State of Mind by Idu 
Fast-rising Chika Idu is an exciting painter on the Lagos exhibition circuit. He graduated from the Auchi Polytechnic in 1998 and has exhibited extensively across Nigeria. His inclusion in Evolving Currents is incisive and facilitates a comparison of the stylistic development of both artists who are separated by almost 20 years, as they actively engage their varying realities and the complexities of their media.

The exhibition’s strength is hinged on the juxtaposed placement of each artist’s work; the geometric and abstract forms, as well as the rigidity and hardness of Bashorun’s sculpture against the palpable impasto, delineating the more fluid figures and forms that populate Idu’s canvases. Significantly, both artists are united by each other’s interest in the texture and materiality of his chosen media.

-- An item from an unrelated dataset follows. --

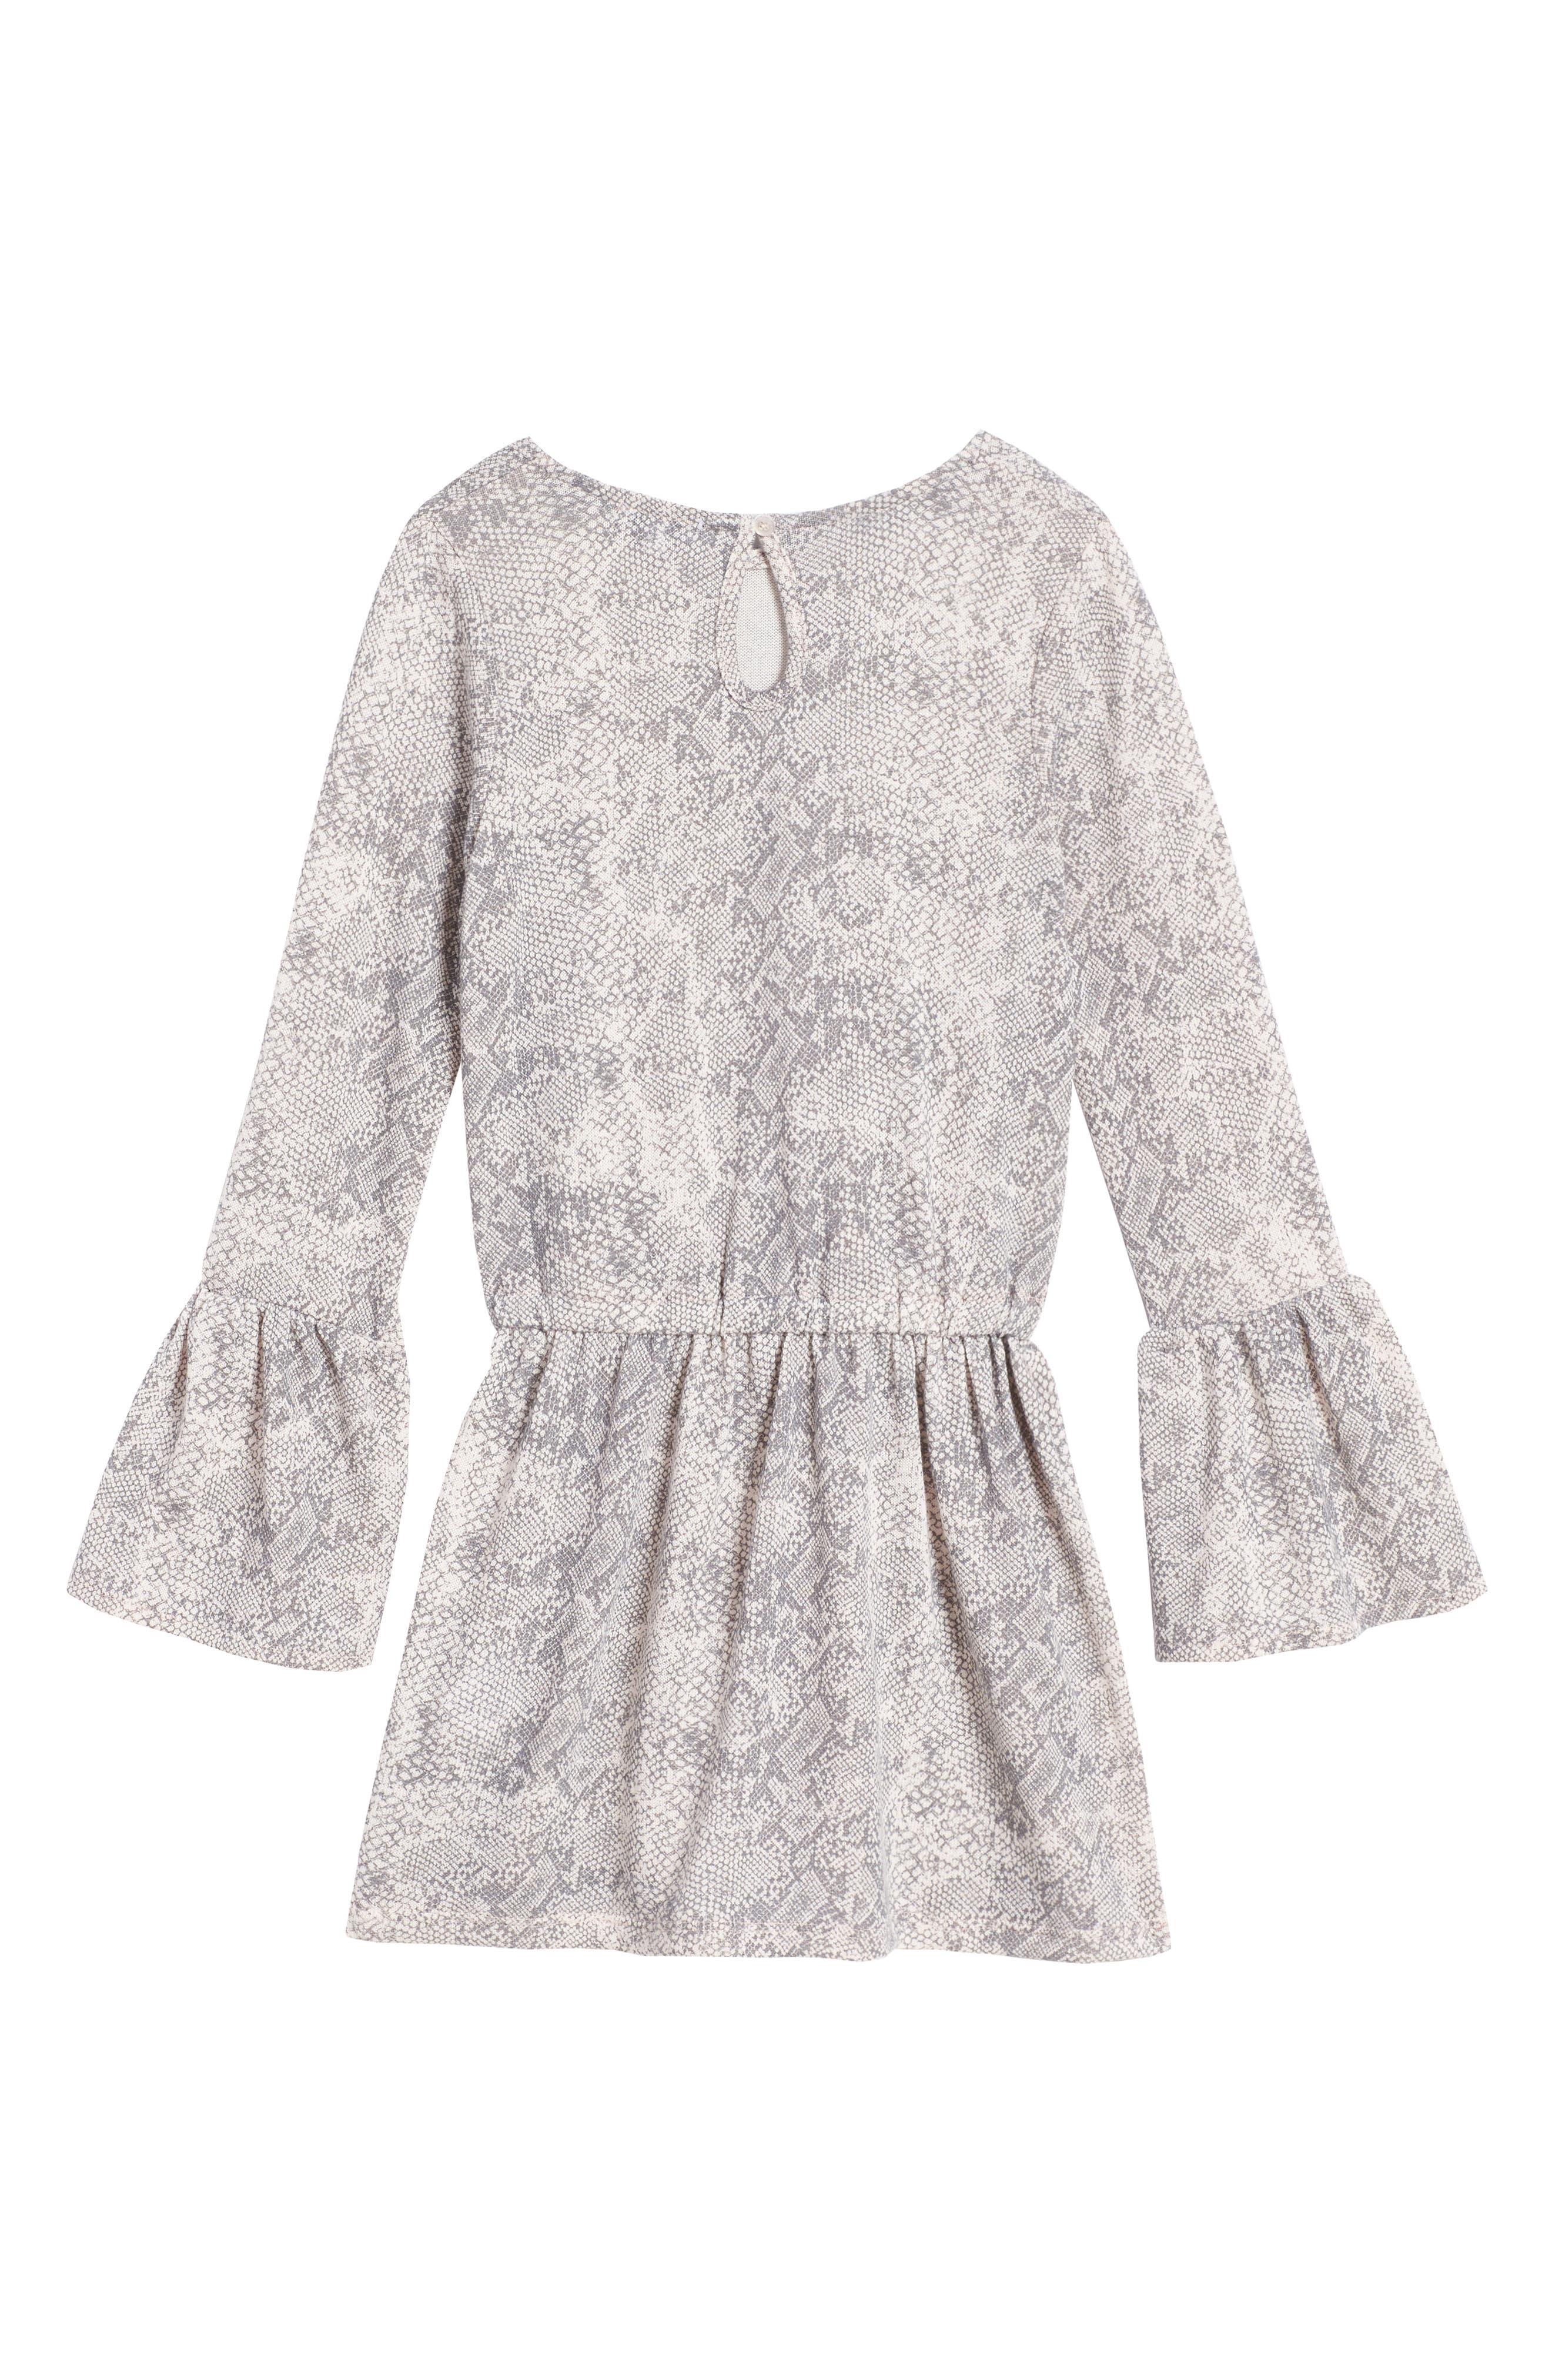 Python Print Loose Knit Dress,                             Alternate thumbnail 2, color,                             655
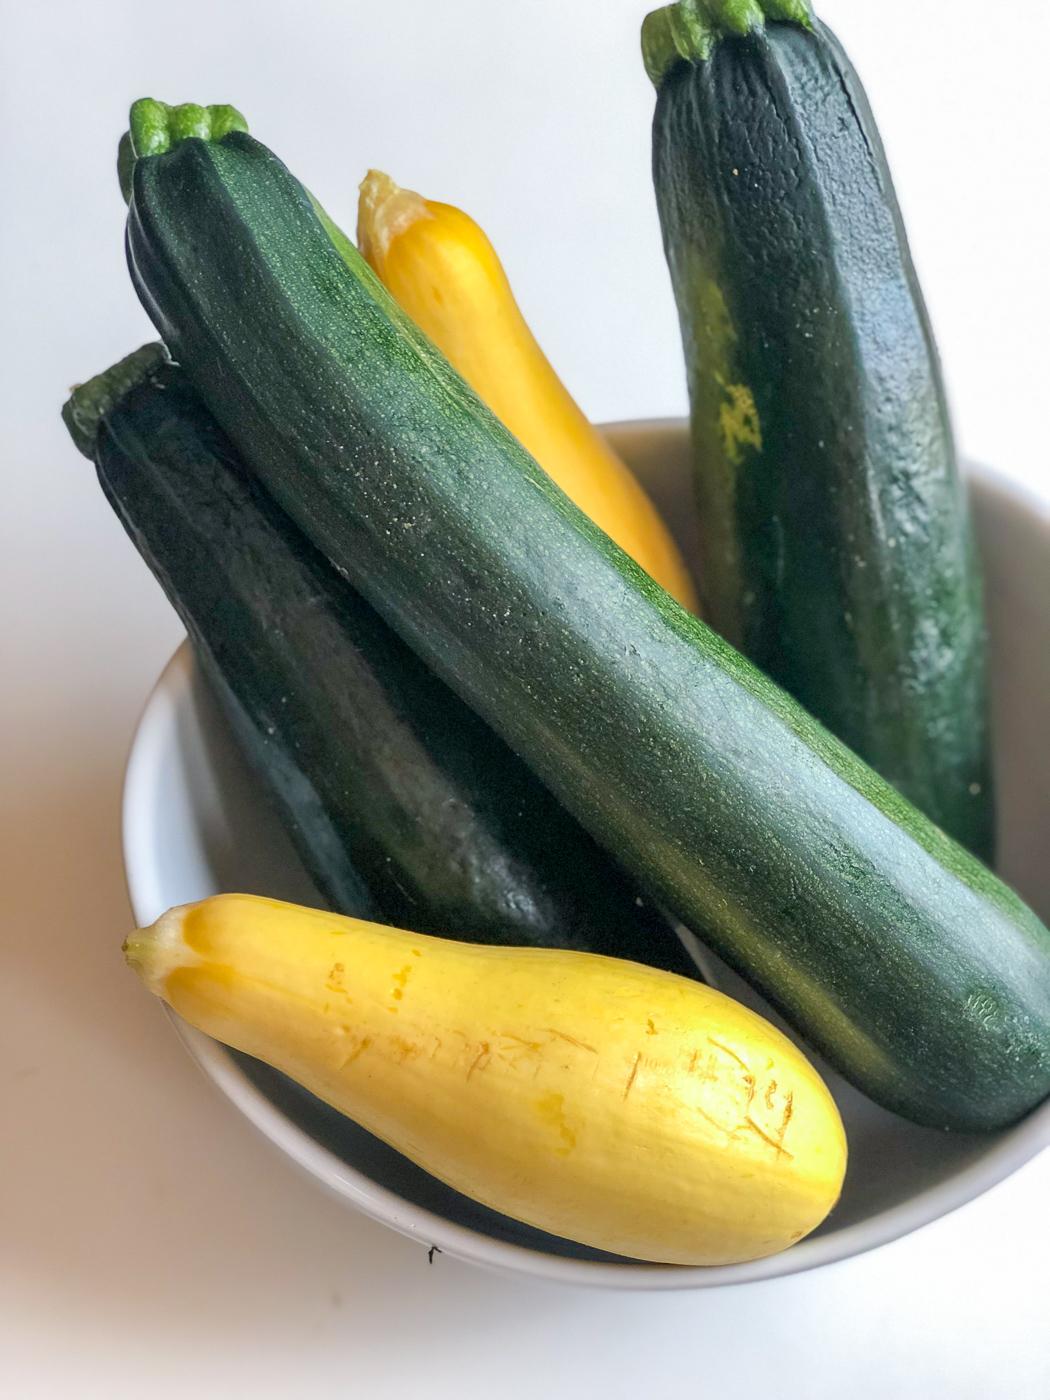 Meet Your Ingredients: Zucchini

Chika Idu’s strongly figurative and personal style is easily recognizable, one that traces his trajectory and stylistic development. His technique involves the exhaustive priming of his canvas. This day-long treatment begins by over laying several different colours of primer with an acrylic finish to provide the “textual substance that bonds subjects to canvas and lends his work a contemporary antiquity.” Working almost entirely with a knife, the process of manipulating becomes more significant than the material, betraying his chief interest in varied surface textures. Heightened with a luxuriant palette, Chika Idu’s paintings at once reveal a tactile, almost sensual relationship with matter.

Idu
His broad oeuvre embraces themes such as traditional Nigerian ceremonies, musicians and landscapes. Several of his paintings are imbued with narrative content. They depict children engaging in various forms of activity—on the way to school, praying, reading or swimming. Here, the artist cleverly achieves a careful balance between the iridescent light bathing the picture plane and thick clumps of paintwork, delineating the immersed bodies, and giving the impression of suspension underwater. This skillful manipulation of light, clearly evident is reminiscent of his translucent and evocative watercolours, which earned the artist much recognition when he emerged on the Lagos artistic landscape. Interestingly, Idu is also an accomplished portraitist; his canvases portraying the beauty of the African woman with her pouted lips and lithe supple body, are built up thickly with palette knife and sometimes fingers.

Bashorun
Overall, the works are strongly individual, a personal journey and testament to each artist’s development, and an ultimate vehicle to convey a quest for empirical truth. In turn, the collective of works is unique as a collaboration between 2 curators, an exhibition that is hopefully the first in a series that will contribute significantly to narratives of contemporary art in Nigeria.

Exhibition opens Sunday, 17 April to Thursday, June 16 2016 at the Wheatbaker, 40 Onitolo Street, Ikoyi, Lagos, Nigeria.


Oliver Enwonwu is the Director of Omenka Gallery in Lagos, Nigeria.